How to develop a DataEngine Web API Server


Step One: Create a Web API application via Visual Studio.


Make sure the .NET Framework version is 4.5, and choose “ASP.NET Web Application” to create.




DataEngine01_CreateWebApp


Select “Empty” template and check “Web API”.




DataEngine02_SelectTemplate


Step Two: Install “C1.Web.Api.DataEngine” package to the application.




image3


The package and its dependency packages will be installed:



image4

Note: The DataEngine package is now available on GrapeCity NuGet. You can update the package from GrapeCity NuGet Source: http://nuget.grapecity.com/nuget


This GrapeCity NuGet source is added to Visual Studio when you install the MVC and Web API Editions. If they're not installed already, you'll need to add the source manually to Visual Studio.
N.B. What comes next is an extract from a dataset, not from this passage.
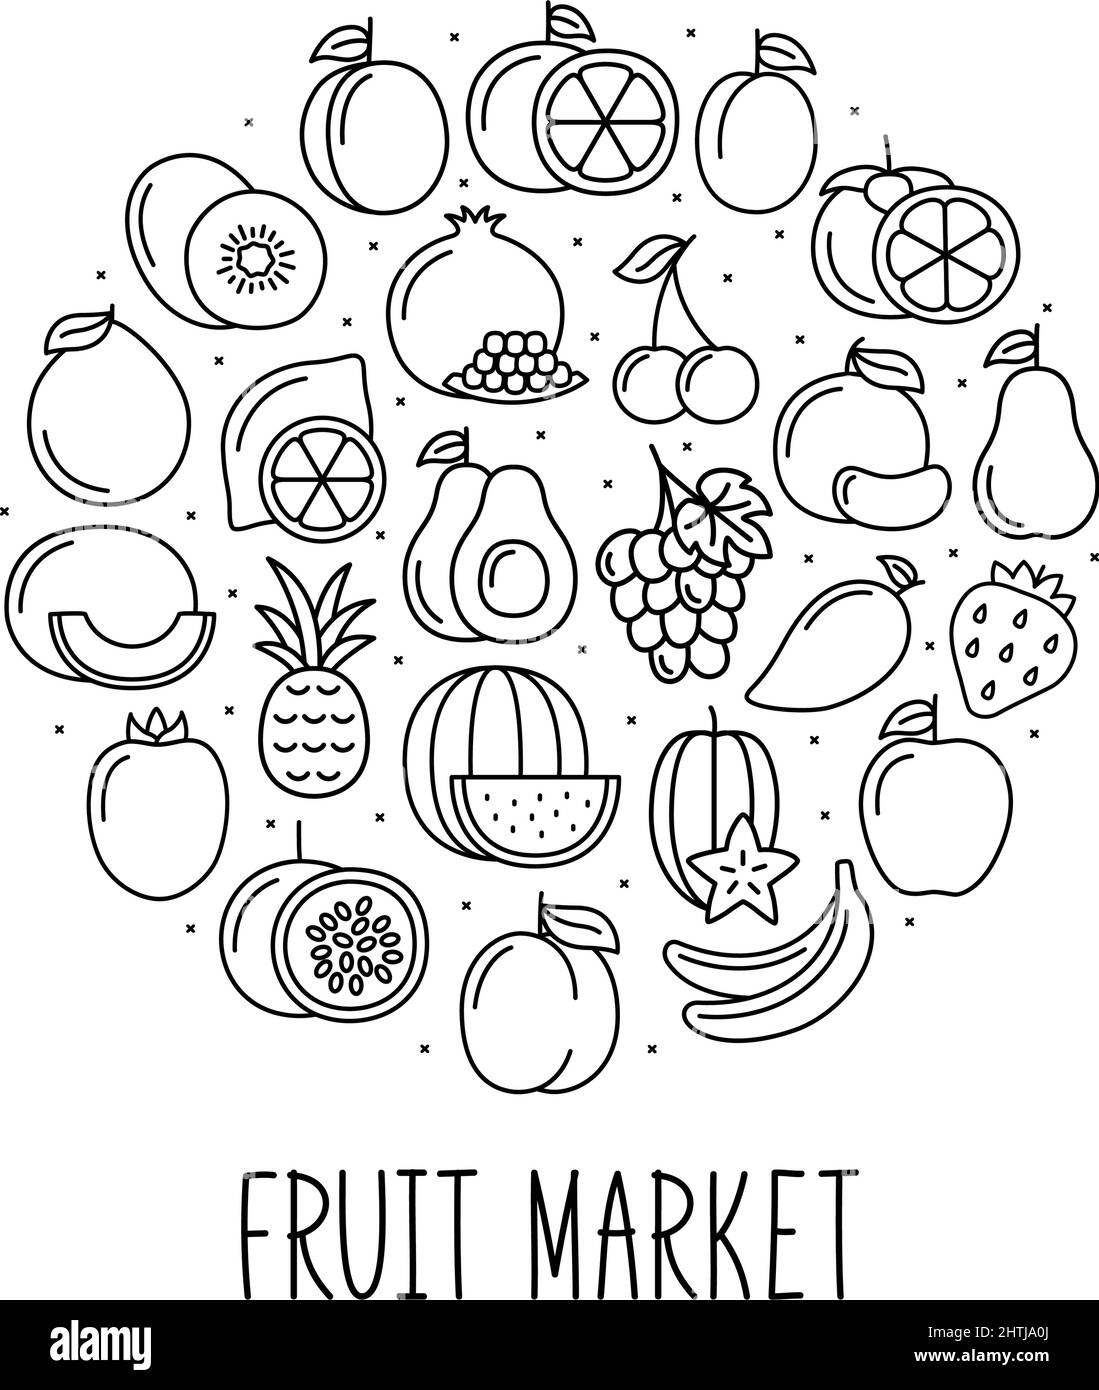 Round banner with fruits icons in linear style. Design for market and store, vector illustration Stock Vector

You will find the package and its dependency packages would be installed.


Step Three: Add a Startup item for the application.
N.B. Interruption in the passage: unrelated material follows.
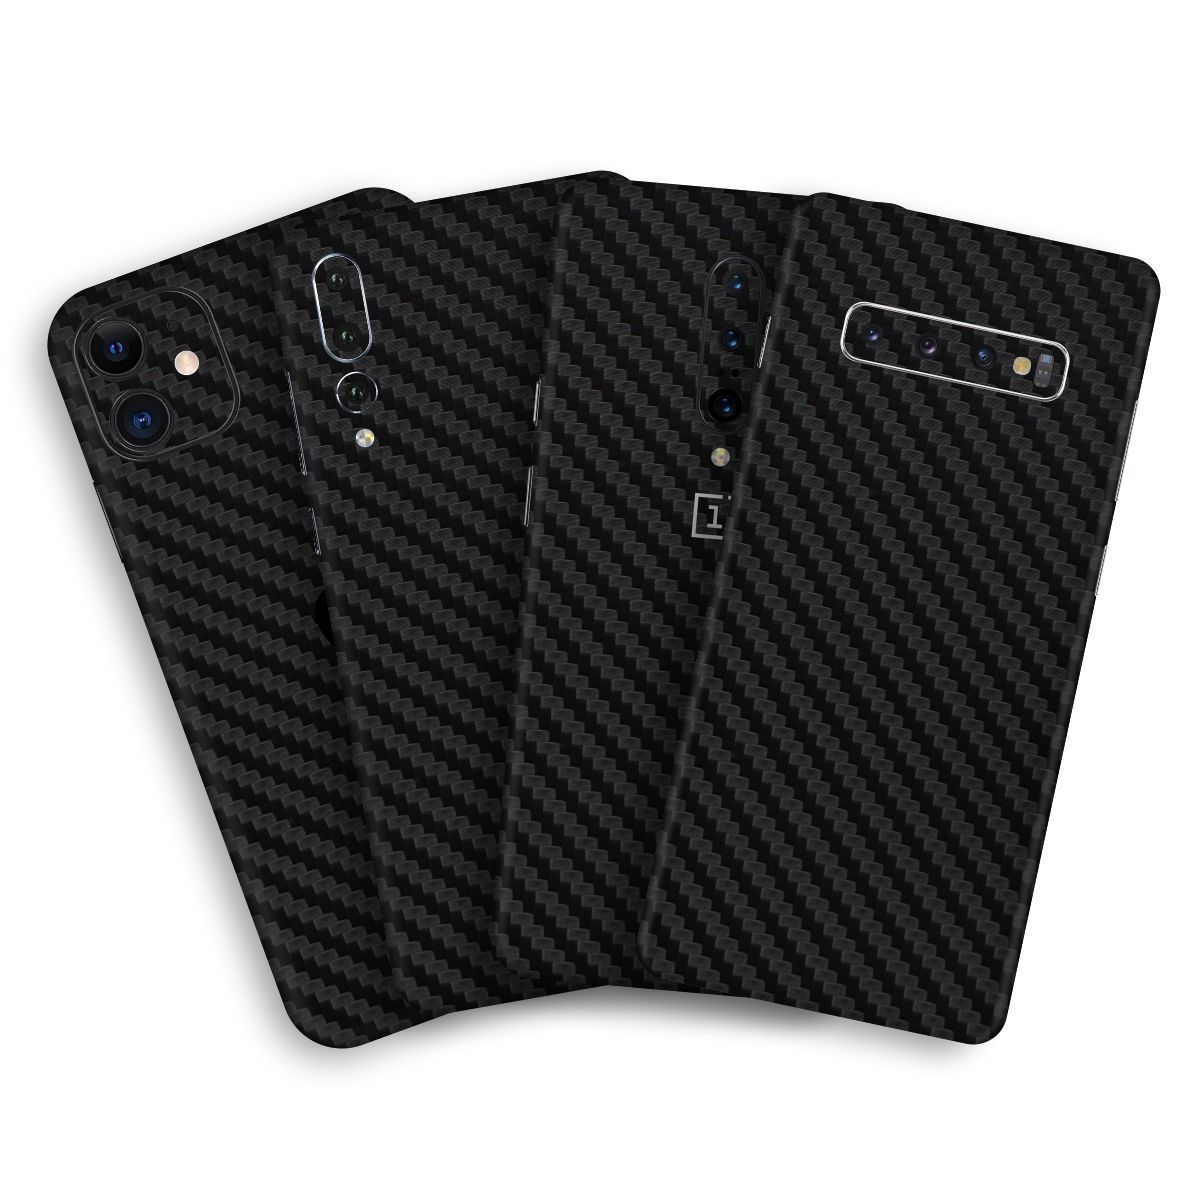 Black Carbon Mobile Skin / Mobile Wrap for Apple Iphone 7

Right-click the application project. In the popup context menu, click “Add” item and then select “New Item…”




DataEngine05_AddNew


Select “OWIN Startup class” template in “Web” and click “Add” button.




DataEngine06_Startup


You'll find the “Startup1.cs” file is added to the application and it is opened in Visual Studio:




DataEngine07_OpenedinVS


Step Four: Register the data source in “Startup1.cs”


using Microsoft.Owin;
using Owin;
using System.IO;
using C1.DataEngine;
using WebApplication16.Models;

[assembly: OwinStartup(typeof(WebApplication16.Startup1))]

namespace WebApplication16
{

    public class Startup1
    {
        private static string DATAPATH = Path.Combine(System.Web.HttpRuntime.AppDomainAppPath, "Data");
        public void Configuration(IAppBuilder app)
        {
            // For more information on how to configure your application, visit http://go.microsoft.com/fwlink/?LinkID=316888
            app.RegisterDataEngine("complex", DATAPATH, "Complex", (ws, tableName) =>
            {
                Workspace w = new Workspace();
                w.Init(ws);
                System.Data.DataTable table = ProductData.GetDataTable(100000, tableName);
                DbConnector.GetData(w, table, tableName);
                w.Save();
                w.Dispose();
            });
        }
    }
}

Now you can register the DataEngine data and the memory data by the extended methods RegisterDataEngine and RegisterDataSet. In the next release, it will support to register the SSAS data.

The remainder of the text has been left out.